Peru’s New President, Prime Minister Raise Risks as Debt Tumbles
(Bloomberg) -- Investors sent Peruvian bonds sliding in the aftermath of President Pedro Castillo’s inaugural call for a new constitution and choice of prime minister.
Peru’s dollar bonds due in a century are the second-worst performers in the world on Thursday, beating only serial-defaulter Belize, according to data compiled by Bloomberg. Meanwhile, the yield on the benchmark bond due in 2031 rose to the highest since the close on June 16, a day after the final vote count showed Marxist party-backed Castillo winning the election. The cost of insuring the nation’s debt against default has climbed six basis points since his speech Wednesday, reaching the highest level in over a month. Peru’s local markets are closed for a national holiday.

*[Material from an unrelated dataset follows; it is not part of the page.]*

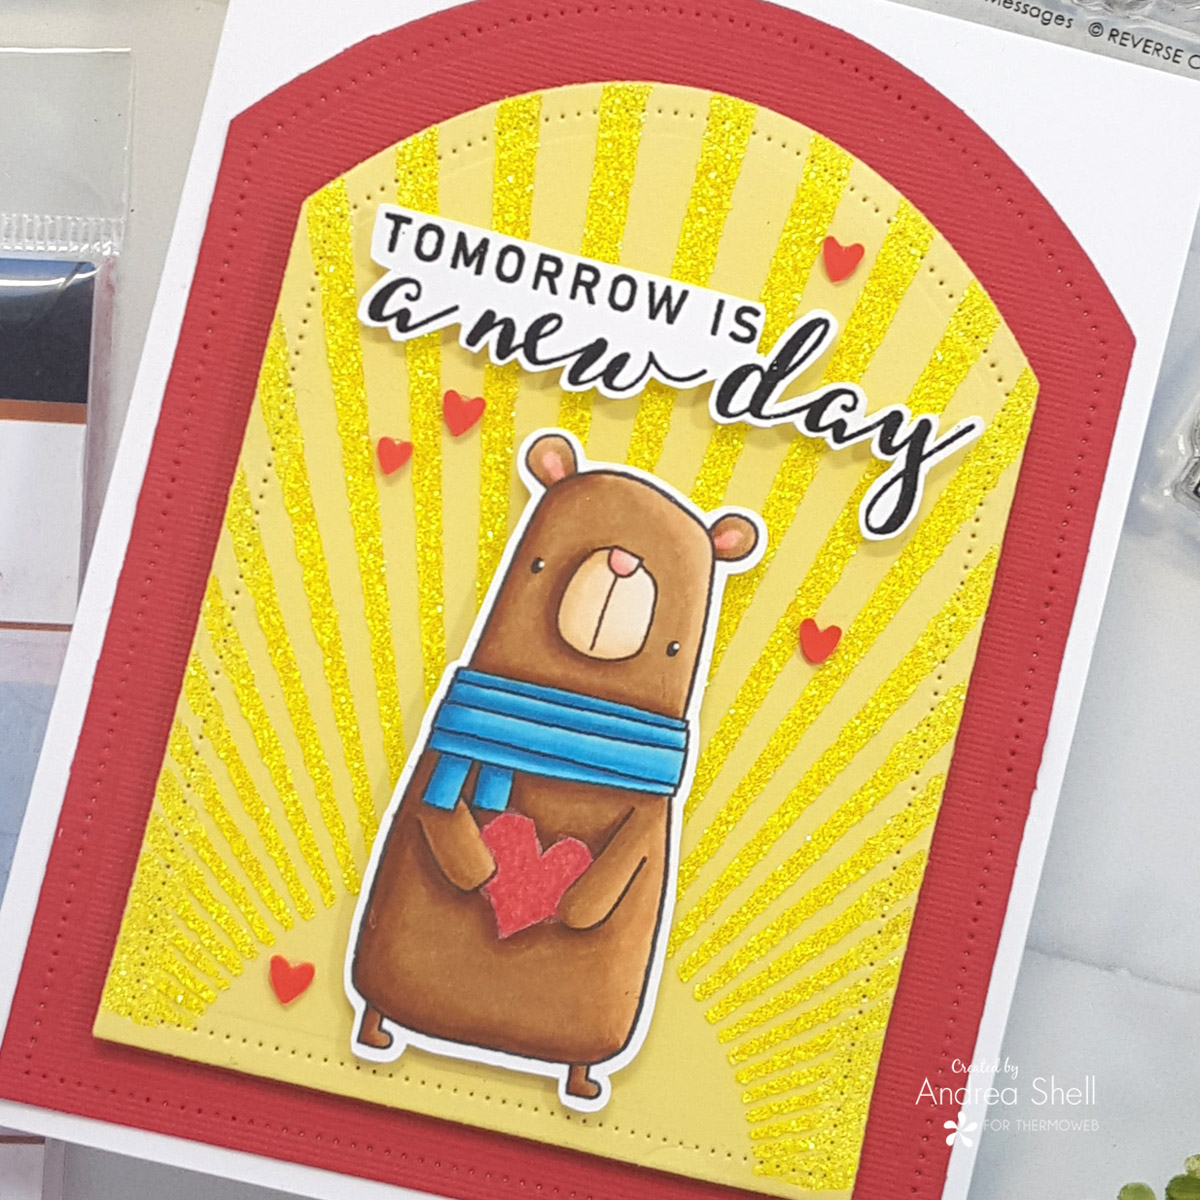 New Day Bear Card by Andrea Shell | Mixed Messages and Big Bear stamps from Reverse Confetti

While Castillo had hinted at more centrist economic policies toward the end of his campaign, the former school teacher took some investors by surprise, appointing a hard-liner from the Peru Libre party to be his prime minister and bolstering the influence of the Marxist group.
“The trade in Peru was to be underweight before elections, then overweight afterward as most of the volatility was priced in,” said Guido Chamorro, an investor at Pictet Asset Management in London. “Now that the president has been sworn in, I think it’s about reducing those overweights. It’s downhill until we can see the ability of Congress to stop some of these measures.”

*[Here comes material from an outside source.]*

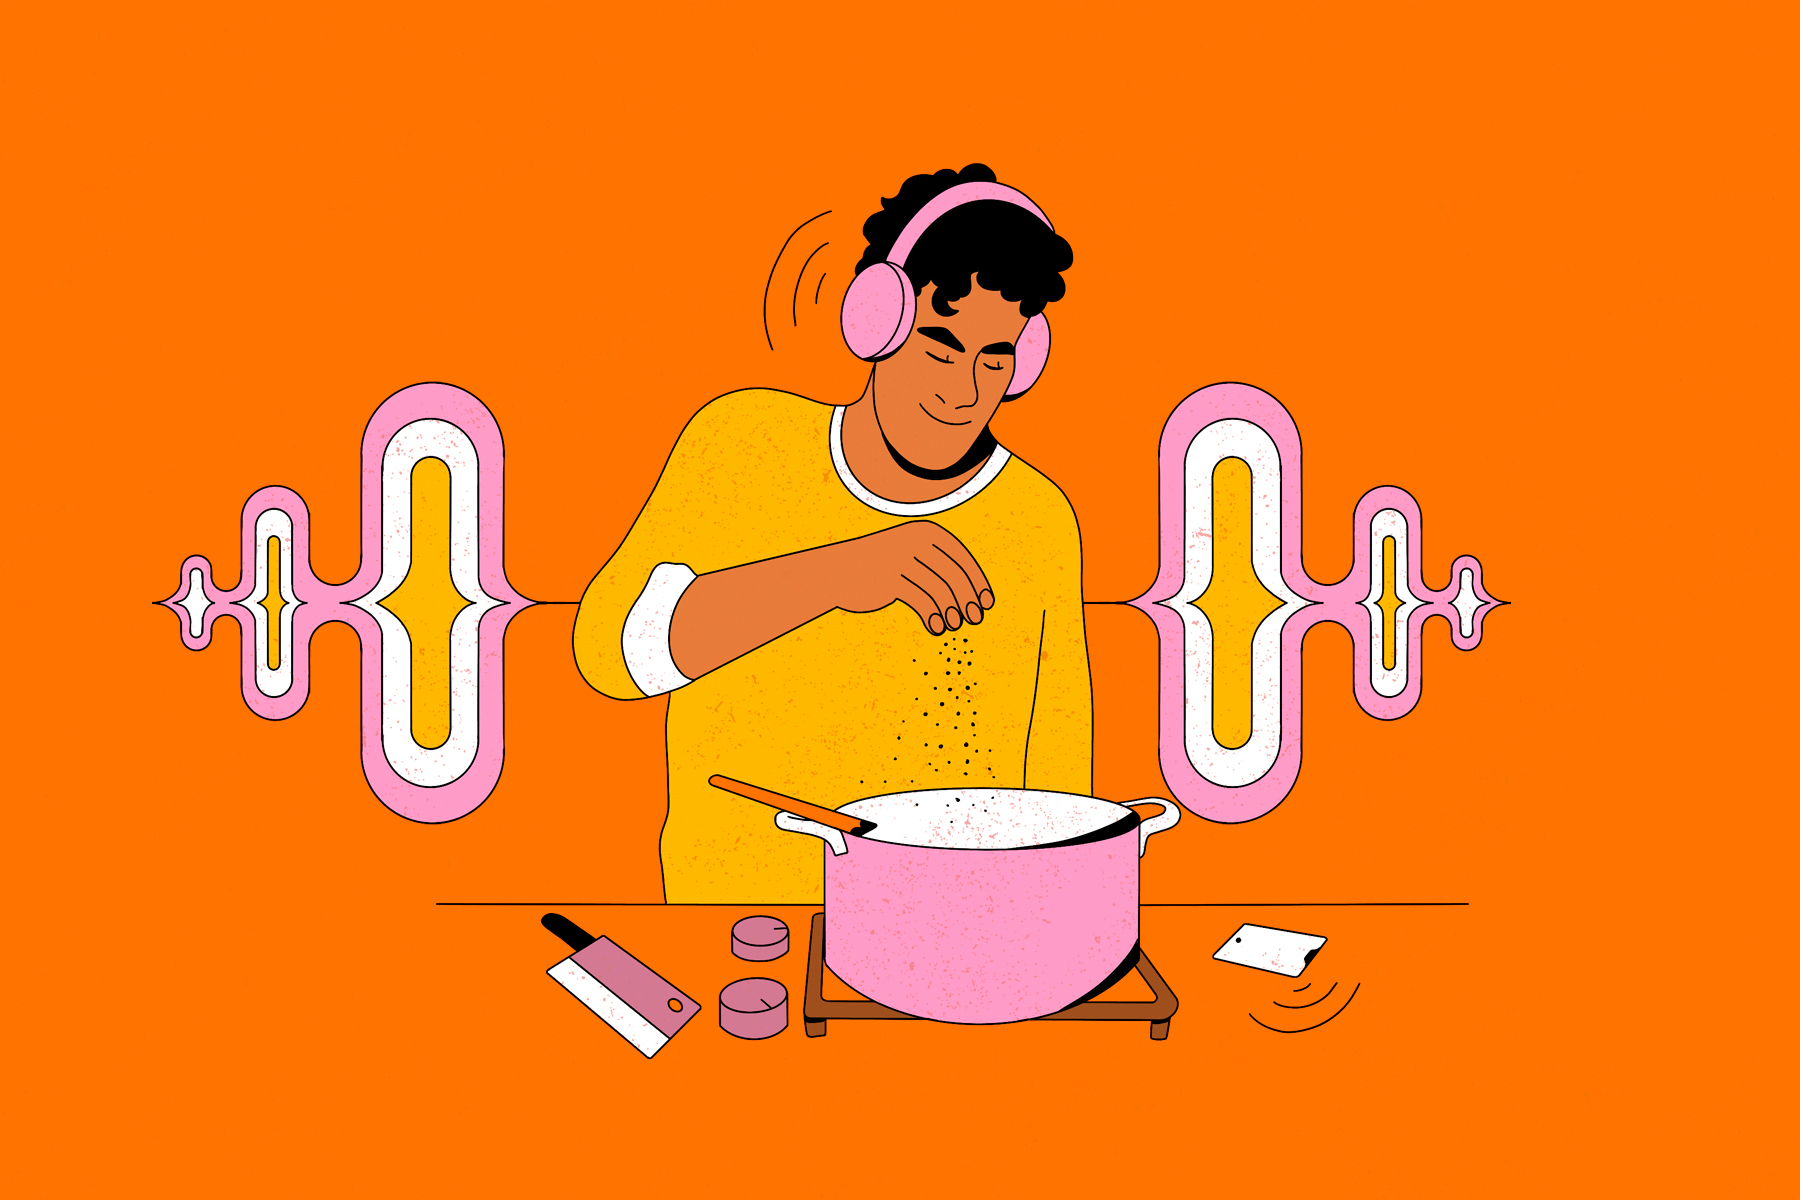 A colourful illustration of a man cooking while listening to an audiobook on headphones.

A day after taking office, Castillo named Congressman Guido Bellido to be his prime minister during a symbolic speech to commemorate the nation’s 200 years of independence. Bellido has praised Cuba’s communist government and denied its a dictatorship. He’s also a close ally of Peru Libre founder Vladimir Cerron.
Markets had already soured to Castillo following Wednesday’s inaugural speech in which he said the country needed to embark on a constitutional referendum, recover sovereignty over its natural resources and renegotiate free-trade deals.

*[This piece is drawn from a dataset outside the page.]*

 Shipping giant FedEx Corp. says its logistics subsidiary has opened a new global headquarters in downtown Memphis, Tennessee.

Policy Direction in Question
“There’s a lot of tension within Castillo’s coalition as we would have expected, and investors should get used to that. A lot of this is policy making is going to get made on the fly,” said Gorky Urquieta, an investor at Neuberger Berman in Atlanta, whose firm holds about $30 billion in emerging-market debt. Local markets have repriced lower and are more attractive than the external debt now, he said.
Peruvian stocks and bonds plunged over the last three months as polls before the vote showed Castillo leading rival Keiko Fujimori. But the new president’s market-friendly economic advisers and the narrow margin of victory brought relief to investors who saw him as a threat to the macroeconomic policies that have made Peru one of Latin America’s havens. Shortly before his inauguration, Castillo delayed the appointment of his cabinet, once again raising doubts over the policy direction his administration will take.
“There’s little space for moderation,” said Alejandro Arreaza, an economist at Barclays in New York. “He has an radical opposition against him and a party led by Cerron, which has a very clear ideological agenda. If Castillo moderates, he loses support from the party and he’s left in the hands of the opposition, which at any moment can try to impeach him.”
Low Debt Levels
Former World Bank economist Pedro Francke, who was named Castillo’s main economic adviser just days before the vote, is reassuring investors that his new boss isn’t like Venezuela’s Hugo Chavez, whose economic policies set up the stage for the country’s worst recession in decades.
But Thursday’s selloff in 100-year debt suggests investors are concerned about the long-term. That’s a very different attitude from when the debt sold in November, just a week after a new president took over following massive social unrest. It was the lowest-yielding century bond ever auctioned by an emerging-market government.
Peru stands out as a good investment among peers in the developing world due to its low debt levels, strong institutions and a “robust” economy -- even if there’s a shift in policy, Dan Shaykevich, the co-head of emerging-market and sovereign bonds at Vanguard Group Inc., said in an interview Wednesday.
“We view Peru as a strong credit,” said Shaykevich. “Strong credits are in a good position to absorb any kind of volatility that comes from policy uncertainty.”